If you couldn’t tell from the unusual seating configuration, the Morizo is all about performance. Tweaks to its engine management software result in an additional pound of boost, raising peak torque from 273 lb-ft to a powerful 295 lb-ft. A shorter-ratio six-speed manual gearbox, new Michelin Pilot Sport Cup 2 performance tyres (normal GR Corollas use Michelin Pilot Sport 4S rubber), forged-aluminum 18-inch wheels, stronger springs, and harder monotube dampers are also featured.

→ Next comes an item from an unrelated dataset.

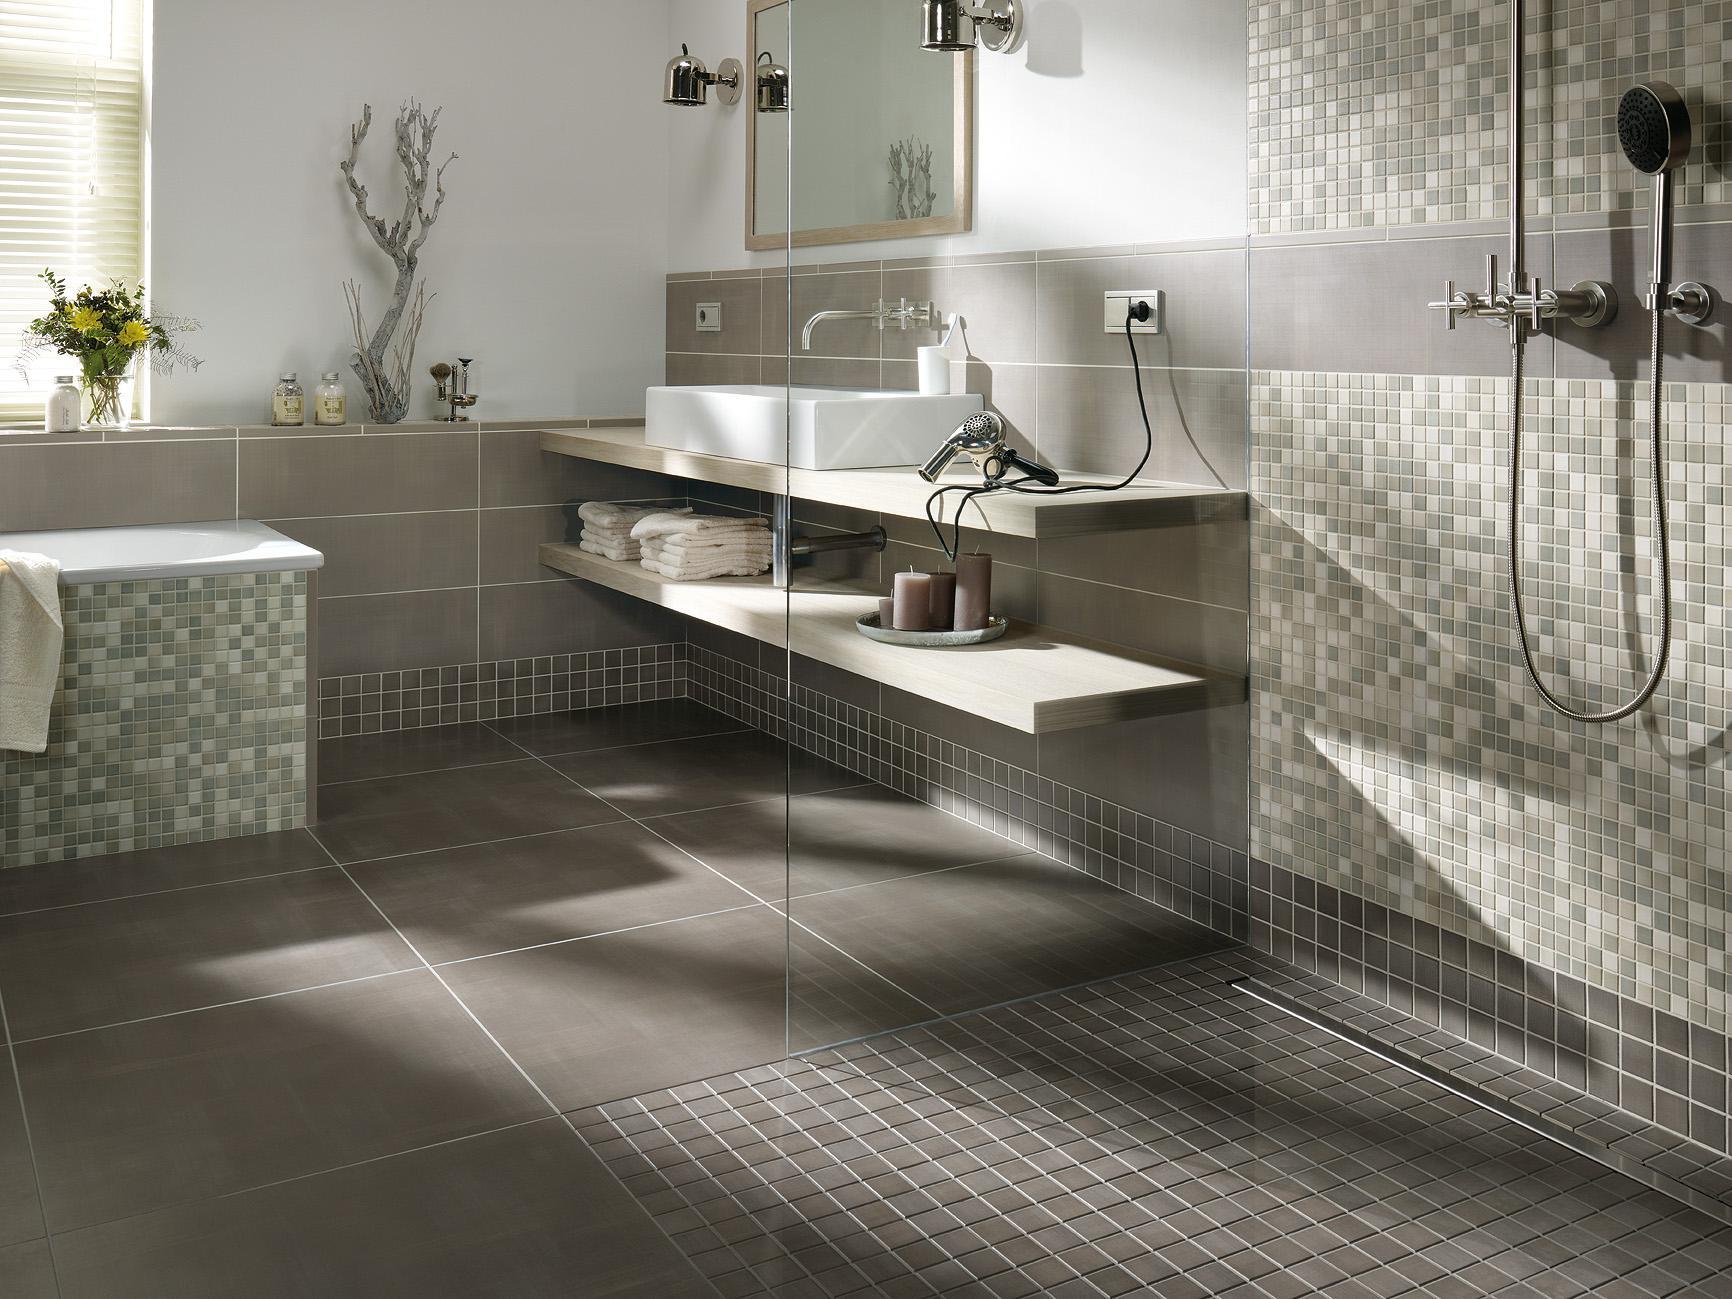 Mosaik waschbecken bilder ideen couchstyle - Badezimmergestaltung fliesen ...

The Morizo, named after Toyota President Akio Toyoda’s racing alter ego, is likewise 0.2 inch lower than the other GR Corollas and is only available in Smoke (matte grey) and Wind Chill Pearl (bright white).

Toyota GR Corolla 2023 Pricing:

Core GR Corolla: $36,995

$43,995 for the GR Corolla Circuit Edition

$50,995 for the GR Corolla Morizo Edition

Yes, the Circuit and Morizo Editions are expensive, but we’d argue that it doesn’t really matter. If you want the Morizo, $50,000 isn’t out of line for something certain to be unusual, and its performance upgrades almost assure it’s the best-performing GR Corolla of the group. The Circuit Edition is no longer available after the 2023 model year, and unless you really must have its fancy carbon top and muscular hood design, it appears that an entry-level GR Corolla Core with the Performance pack gives you the same hardware (roof and hood aside).

To that end, an equipped Core at just under $40,000 (plus dealer markups) appears to be the way to go. Even though it costs about twice as much as the cheapest Corolla available today, it’s a steal for what it is. It also puts the figurative pressure on Honda, which is set to release its yet-to-be-priced Civic Type R, a direct rival, soon. While the original Type R was priced similarly to the Core, the new version has more power (315 ponies and a lot more torque than any GR Corolla)

It is still front-wheel drive. The GR Corolla is just $100 more expensive than the six-speed manual version of Acura’s new Integra—a 200-hp hatch that shares mechanicals with the Type R’s inferior Civic Si sister.

What’s interesting about the GR Corolla’s cost is that it positions Toyota as an outlier in terms of not just delivering inexpensive performance cars, but also extending their availability. This is the same business that updated the GR86 sports car for a new generation last year and is now adding a manual transmission to the more powerful Supra sports vehicle. Toyota, keep it up.